NatsNoRespondersExceptiontransport.no-respondersYes (transient)
Application timeout (5 s)transport.timeoutYes (transient)
Generic NatsExceptiontransport.errorYes (transient)
MessagePack deserialization failuretransport.malformed-replyNo (contract violation — log loudly)
BusApiResult.Failure { error = "template.not-found" }template.not-foundNo (permanent)
BusApiResult.Failure { error = "*" } (other)template.{error} (passthrough)Code-dependent

The retry policy is the caller's responsibility: IProvisioningManager classifies transport.* as transient and surfaces them as ProvisionResult.Failed("transport.*") with the bus-api consumer returning ProviderUnavailable. template.not-found is permanent and the device row is not created.

Replacing ITemplateClient

The SDK registers NatsTemplateClient as the default implementation. Tests and aggregator-side providers that resolve templates through a different control plane can replace it after AddBeaconTowerProvider:

builder.Services.AddBeaconTowerProvider<MyAdapter>(builder, options =>
{
options.ProviderId = "my-provider";
});

builder.Services.Replace(
ServiceDescriptor.Singleton<ITemplateClient, FakeTemplateClient>());

Implementations must:

  • Be thread-safe — the SDK calls in from BusApi consumer threads.
  • Honour the 5 s timeout budget — provision callers cannot extend it.
  • Return the same closed error-code set above so retry classification remains consistent across adapters.

Provisioning options

Two options under the Provisioning configuration section govern template resolution.
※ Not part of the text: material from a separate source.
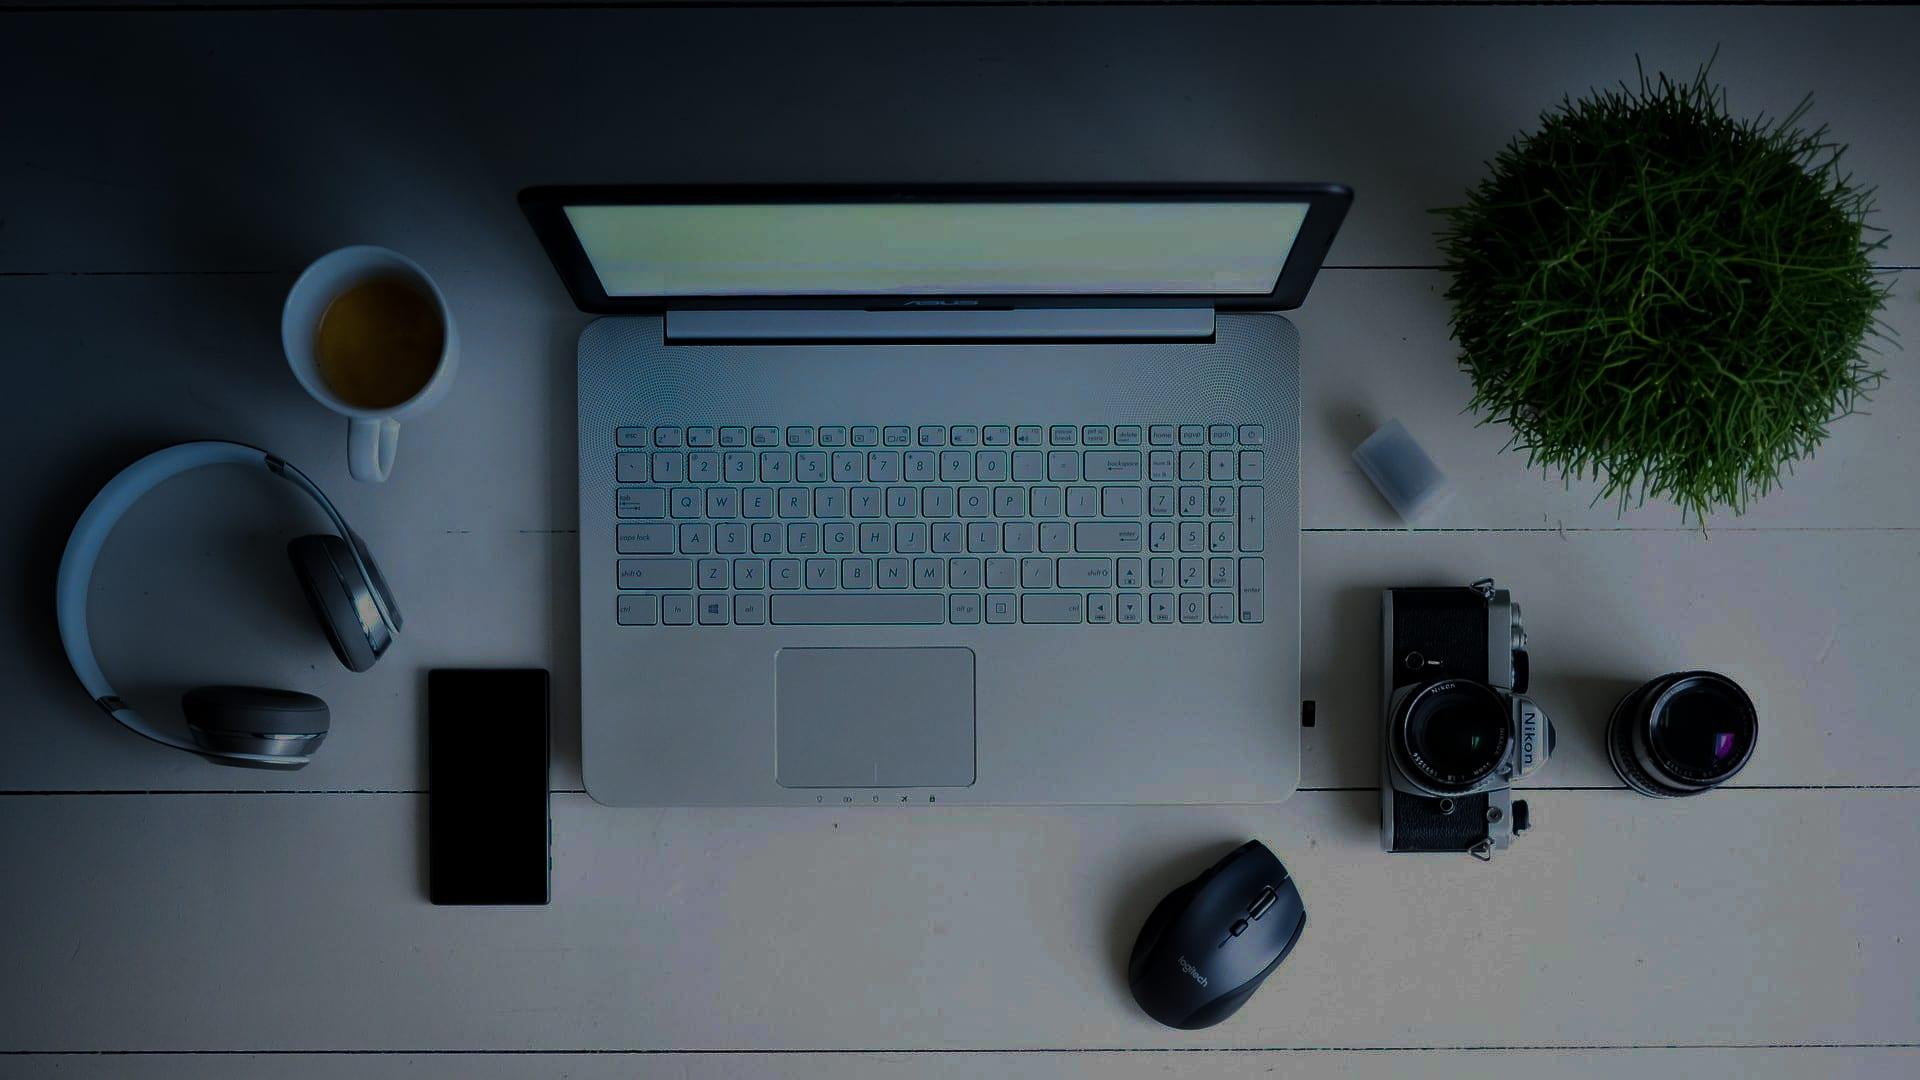 Mac vs. Windows for Video & Photo Editing
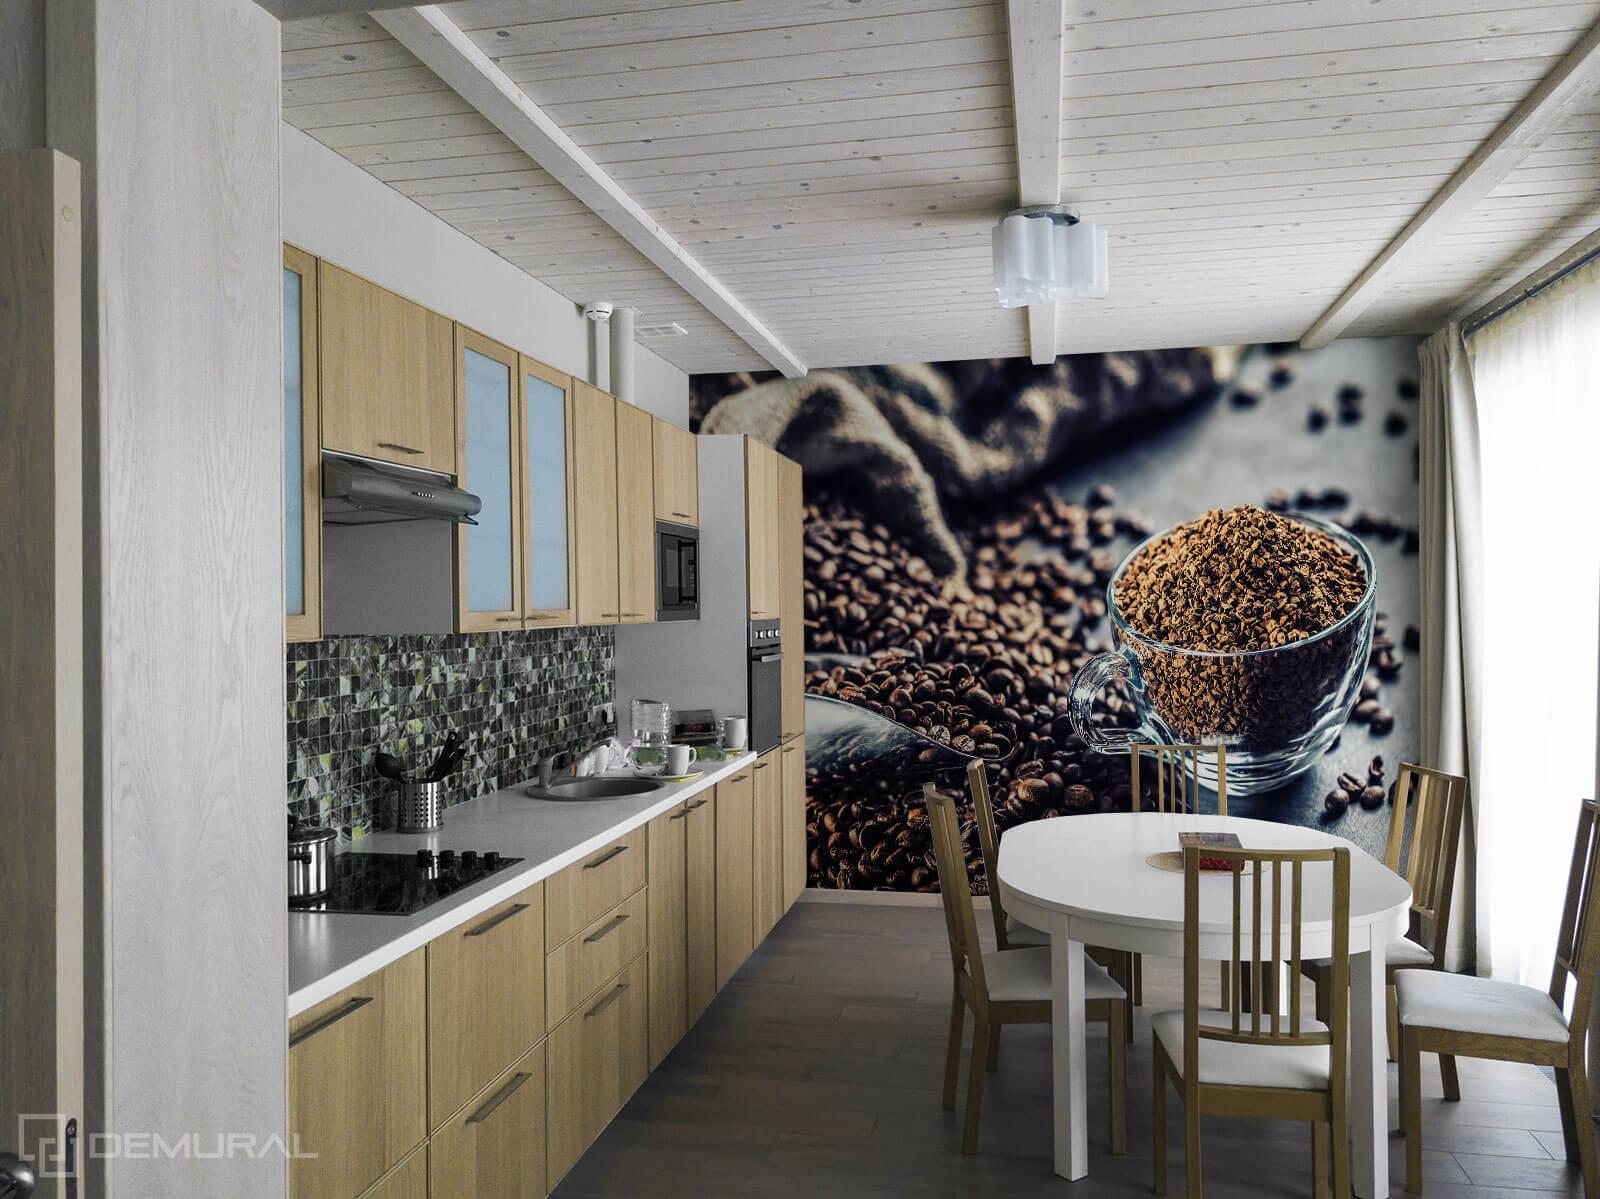 Photo wallpaper Coffee Aroma - Photo wallpaper in big kitchen - Demural

They are documented in full at Configuration › Provisioning; the defaults are sized for the canonical-wire profile:

OptionDefaultEffect
TemplateCacheTtlSeconds60Positive + negative cache TTL. Lower it only if you accept the extra core-management traffic.
TemplateResolveTimeoutSeconds5Per-call application timeout. Must be ≤ the bus-api consumer's overall budget.

There is no separate negative-cache TTL knob — operationally the two windows are always equal so cache pressure stays predictable.